Extracellular matrix mechanical effects on cardiomyocytes and fibroblasts in development and disease. The extracellular matrix (ECM) plays a role in the maturation of cardiomyocytes and function of fibroblasts. After birth, the ECM undergoes mechanical changes, specifically the increased stiffness of the matrix due to changes in the ECM protein composition, secreted by fibroblasts. ECM stiffness increases from neonatal to adulthood, with the highest stiffness occurring during disease, which results in fibrosis and scarring. The compositional changes that occur at each stage are listed, with green as increase and red as decrease in ECM proteins. Created with BioRender.com.
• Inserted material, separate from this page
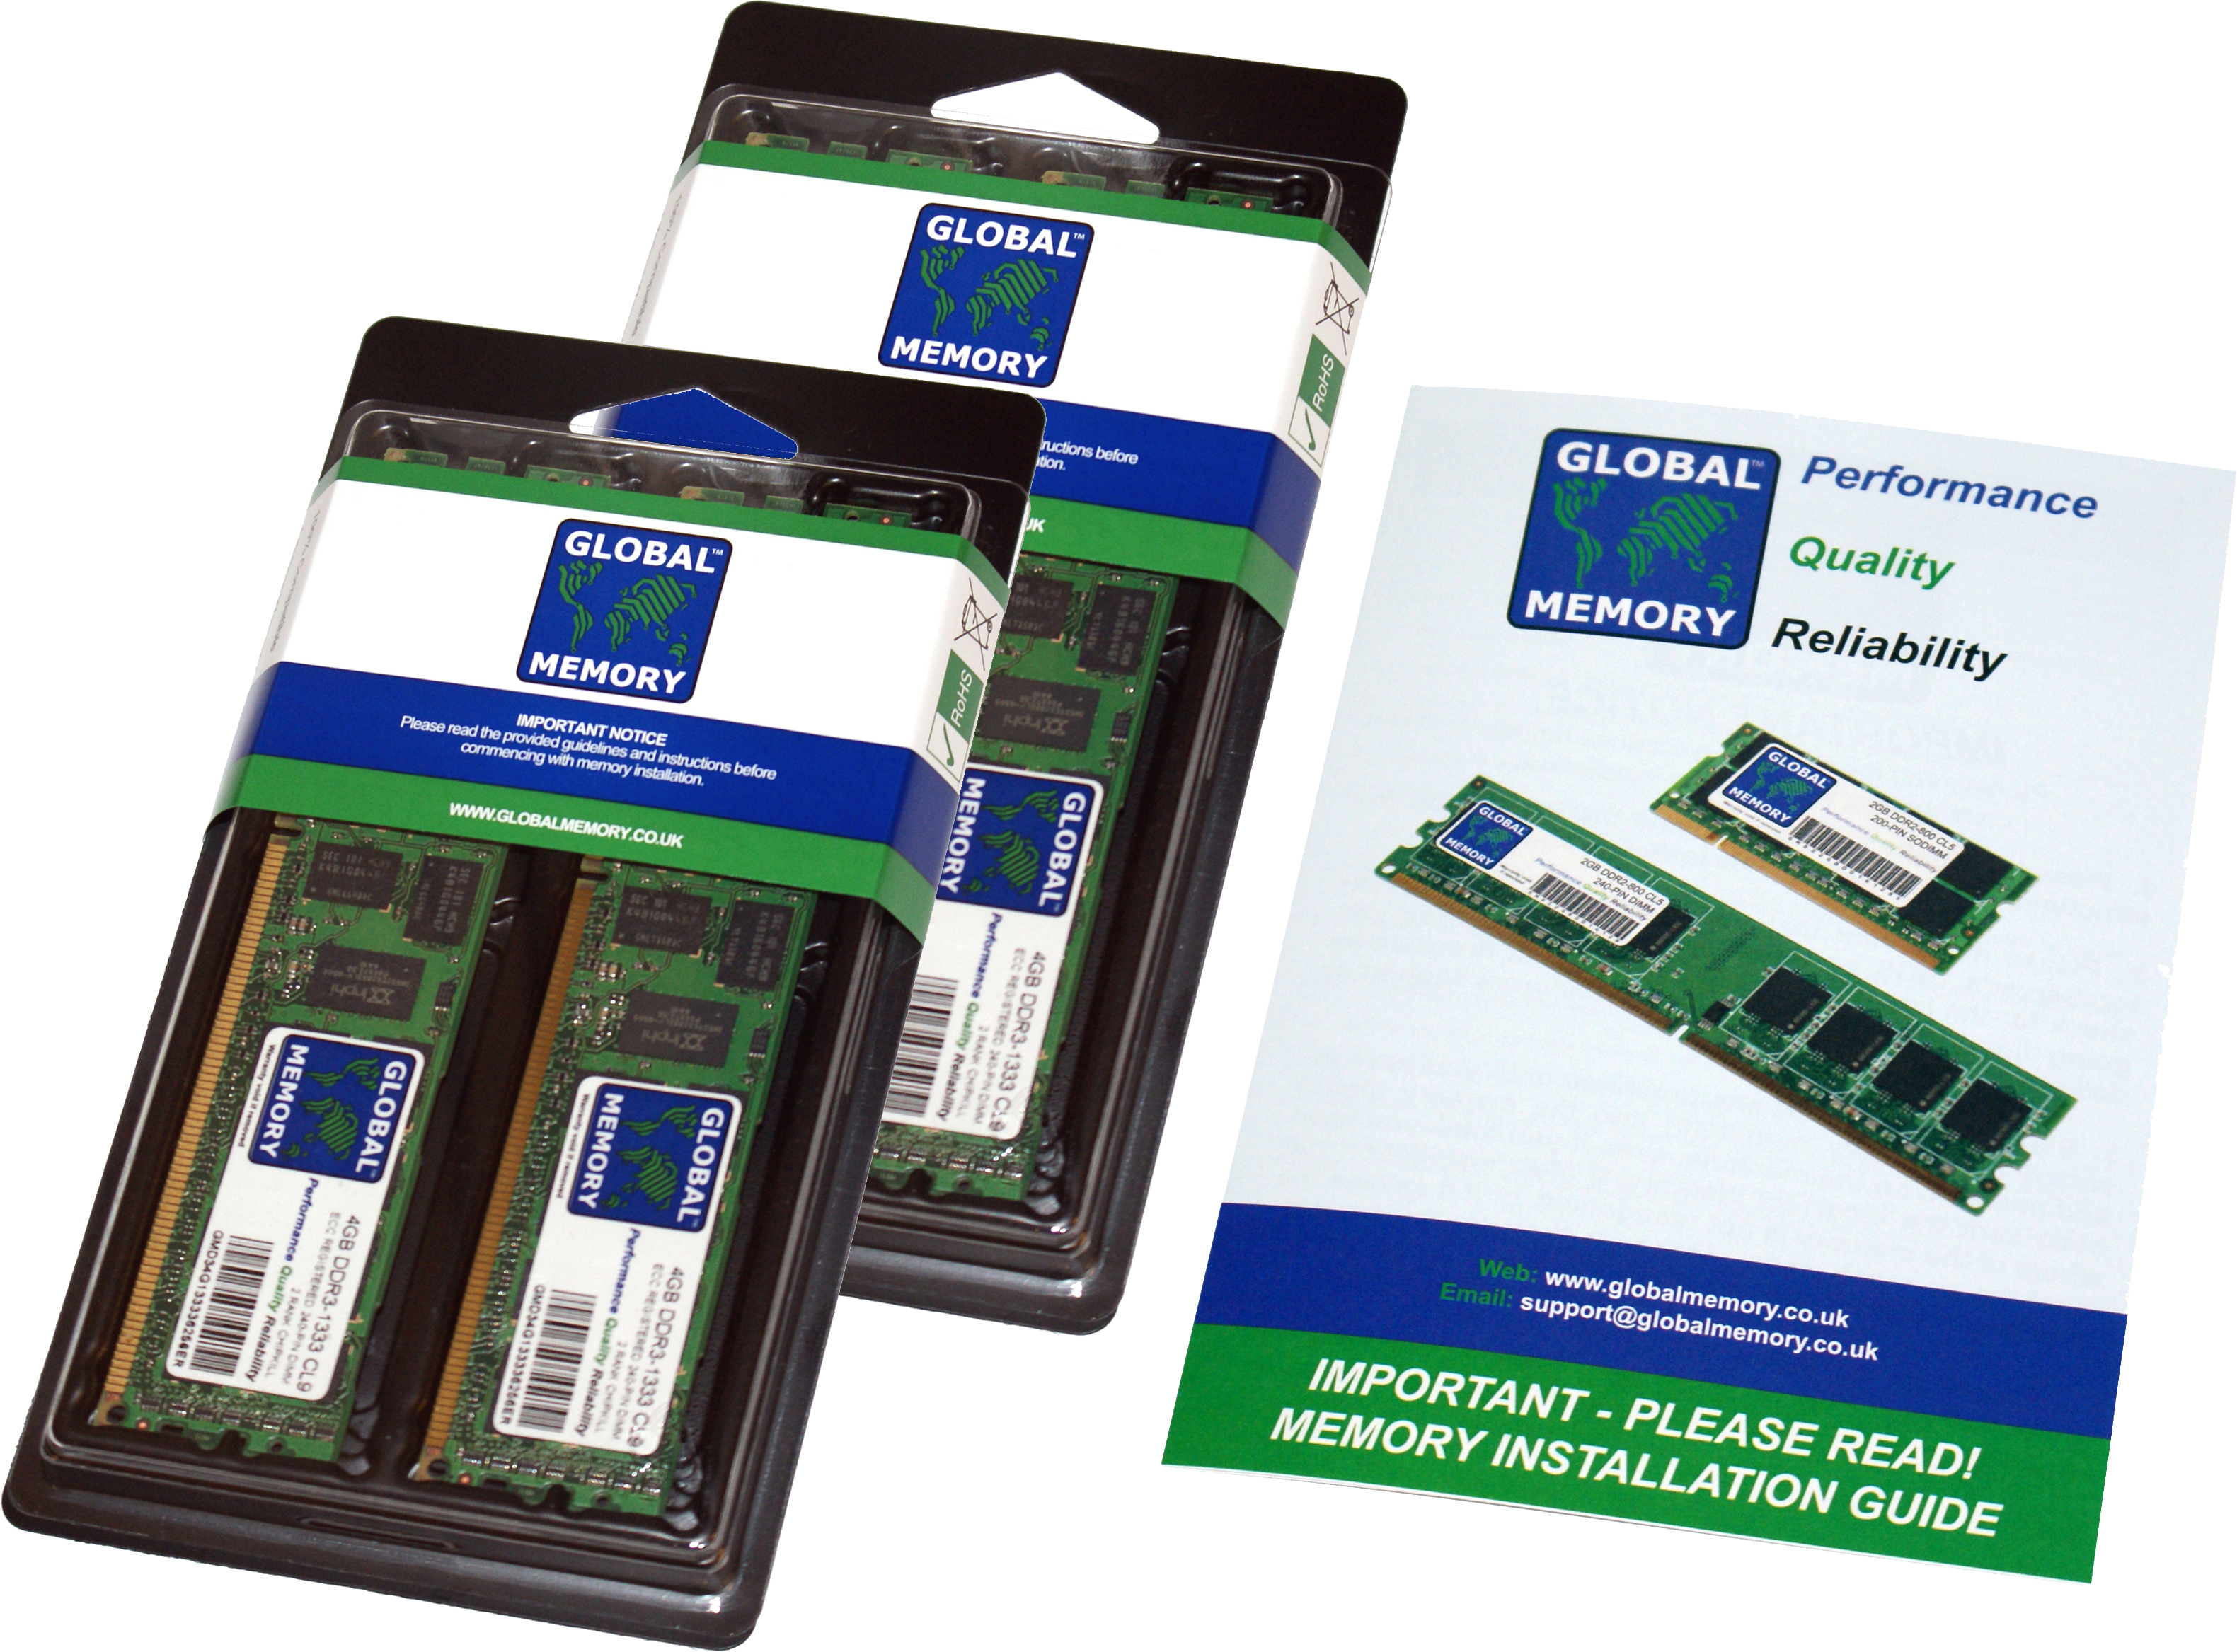 64GB (4 x 16GB) DDR4 2400MHz PC4-19200 288-PIN ECC REGISTERED DIMM (RDIMM) MEMORY RAM KIT FOR HEWLETT-PACKARD SERVERS/WORKSTATIONS (8 RANK KIT CHIPKILL)

Cardiac function is dependent on the interactions of cardiomyocytes with ECM components produced by fibroblasts. During systole, the mature collagen fibrillar network transmits force to help maintain cardiomyocyte alignment while bearing wall stress (Fomovsky et al., 2010). In diastole, the collagen fibers uncoil as the ventricle fills and eventually completely straighten, protecting the cardiomyocytes from overstretching (Fomovsky et al., 2010). While elastin and multiple proteoglycans are also present, less is known about their contribution to the mechanics of the myocardium; these studies are long overdue to determine their roles in mechanics and function of the myocardium and their interaction with cellular components. Given our poor understanding of key processes in postnatal ECM changes, further studies are required in postnatal heart ECM to determine the key regulators and mechanisms involved in development, homeostasis and disease. Moreover, perturbation of expression of ECM components and associated changes in signaling pathways have been linked to congenital cardiac developmental anomalies as well as long term cardiac dysfunction.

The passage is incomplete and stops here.